Сергей медленно встал. Варя испуганно взглянула на него. Мелкая дрожь тронула левую половину его лица. Она еще никогда не видела у него этого странного тика, резко меняющего выражение лица. Значит, война оставила на нем еще один видный след? Но сколько же воли было у Сергея, если он умел подавлять эту непроизвольную гримасу! Вот и сейчас Сергей вдруг успокоился. Он не хотел, чтобы она видела этот след войны.
– Сережа! – умоляюще сказала она.
– Что? – тихо спросил он, как будто и не было этой внезапной вспышки, вызванной ею – она это знала – ярости.
– Уедем отсюда! – Голос ее снова стал жалобным, просительным.
Ему вдруг захотелось из-за одного только этого жалобного голоса махнуть на все рукой, сказать, что он согласен, что не надо портить жизнь и любовь, но хлопнула дверь, вошел Суслов. Он остановился посреди комнаты и с усмешкой сказал:
– Похоже на семейную сцену.
Варя стиснула руки, потом медленно разжала пальцы, все еще не сводя глаз с Сергея. Сергей стоял у стены, тяжело дыша. Суслов, словно не замечая их замешательства, заговорил быстро и развязно:
– А меня вызвал старик и втравил в поездочку. Это не ты ли похлопотал, Нестеров?
– Какой старик? – не понимая, спросил Нестеров.
– Саламатов. Уговорил Палехова, что мне надо ехать с Иляшевым искать какой-то проблематический вольфрамит. Ты не видел у Иляшева эти останки каменного века? А я, признаться, подумал, что это ты мне удружил… – Он искоса взглянул на потемневшее лицо Нестерова и усмехнулся. – Ну, ну, я шучу, шучу. Мы все тут шутим, как умеем. Ты на такую игру не способен. Это Палехов всех считает шулерами, потому что сам носит в кармане крапленые карты… – Он сел к столу, подвинул к себе блюдо с жареной зайчатиной, положил в тарелку. Спросил: – Что же вы не едите? А я-то старался, нарочно к твоему приезду зайца подстрелил. Хороший заяц был, прыткий…
Сергей видел, что Суслова съедает беспокойство, которое тот пытался скрыть за излишней болтливостью, резкостью, шуточками. Когда-то Иван Суслов учился у него, был скромен, тих; теперь он все время метался, словно горела его душа.

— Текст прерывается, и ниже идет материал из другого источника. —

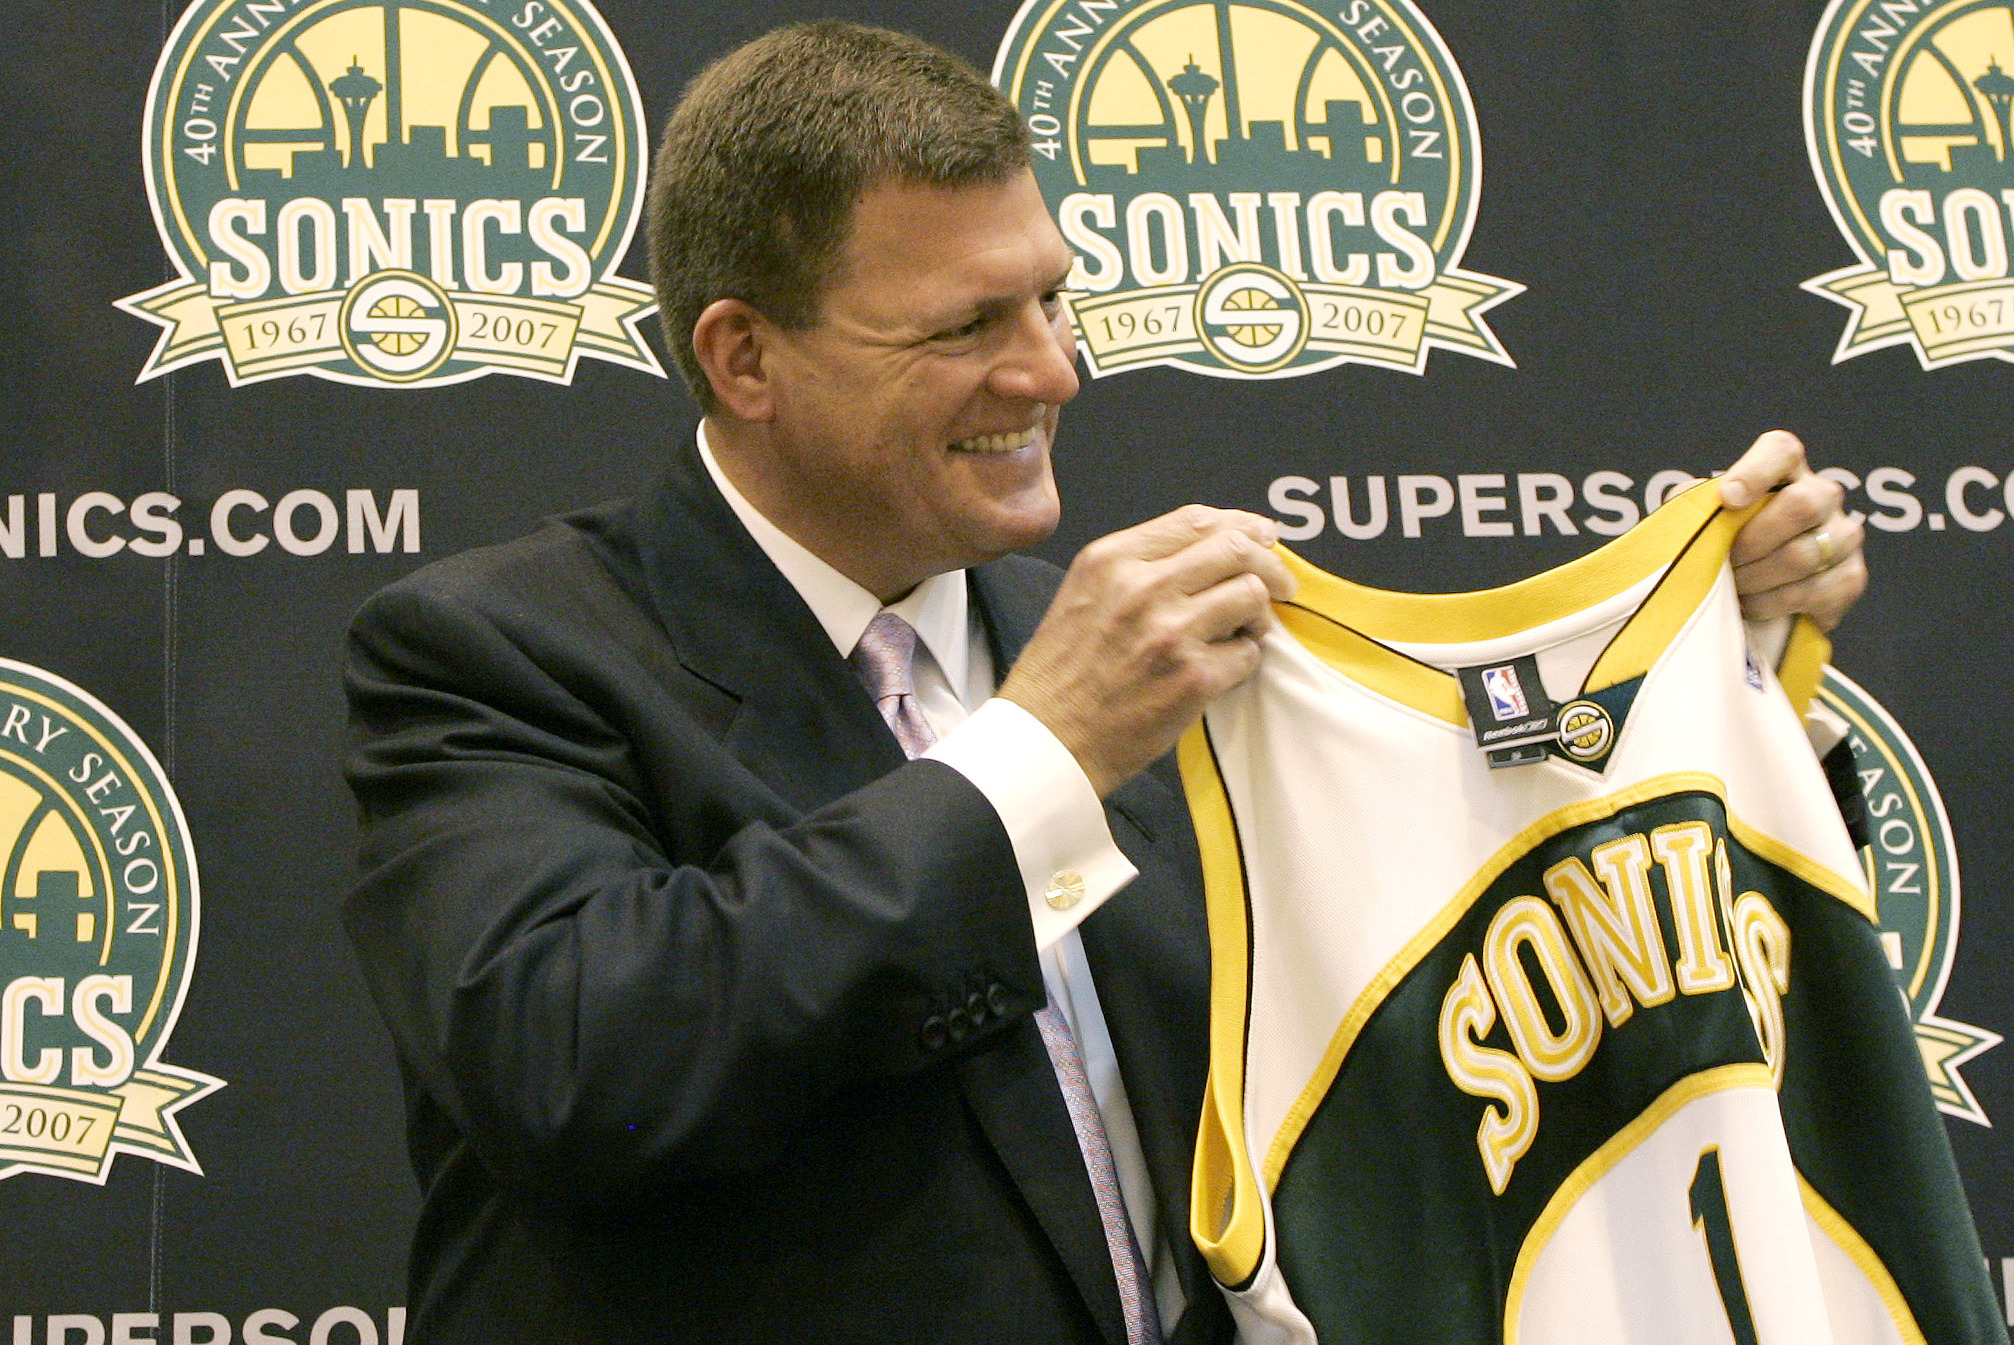 Durant gives suport ​to return the Sonics to Seattle - Basketball Network -  Your daily dose of basketball

Варя как будто не слышала слов Суслова. Может быть, она зла на него? Тут, кажется, все злы друг на друга.
Нестеров вернулся к столу, спросил:
– Но ведь есть же у Иляшева какие-то надежды? Иначе он не пошел бы с тобой!
Суслов как будто только и ждал, чтобы с ним заговорили об этом поиске. Он отложил вилку, сердито сказал:
– Я бы этого Палехова вздернул на самой высокой сосне и спросил: «А видите ли вы теперь ваш вольфрам, Борис Львович?» Черт знает что! Сначала разогнал экспедицию, а теперь следы заметает. Саламатова испугался!
– Расскажи! – требовательно попросил Нестеров.
Всю наигранную резкость с Суслова как рукой сняло. Он теперь просто злился, злился на задание, на Палехова, но не было в его голосе той неприятной усмешечки, которая так действовала на Варю. Подперев голову рукой, он задумчиво сказал:
– Ничего не знаю. Иляшев принес в райком какие-то инструменты, сделанные из сплава с большим содержанием вольфрама. Палехов их видел. Но если есть инструменты – им, говорят, веков пять, не меньше, – так значит, где-то есть и рудник, из которого родичи Иляшева брали металл и руду. Можешь ты себе представить самородный вольфрам? Ведь плавить-то его пять веков назад не умели? И вот надо его найти.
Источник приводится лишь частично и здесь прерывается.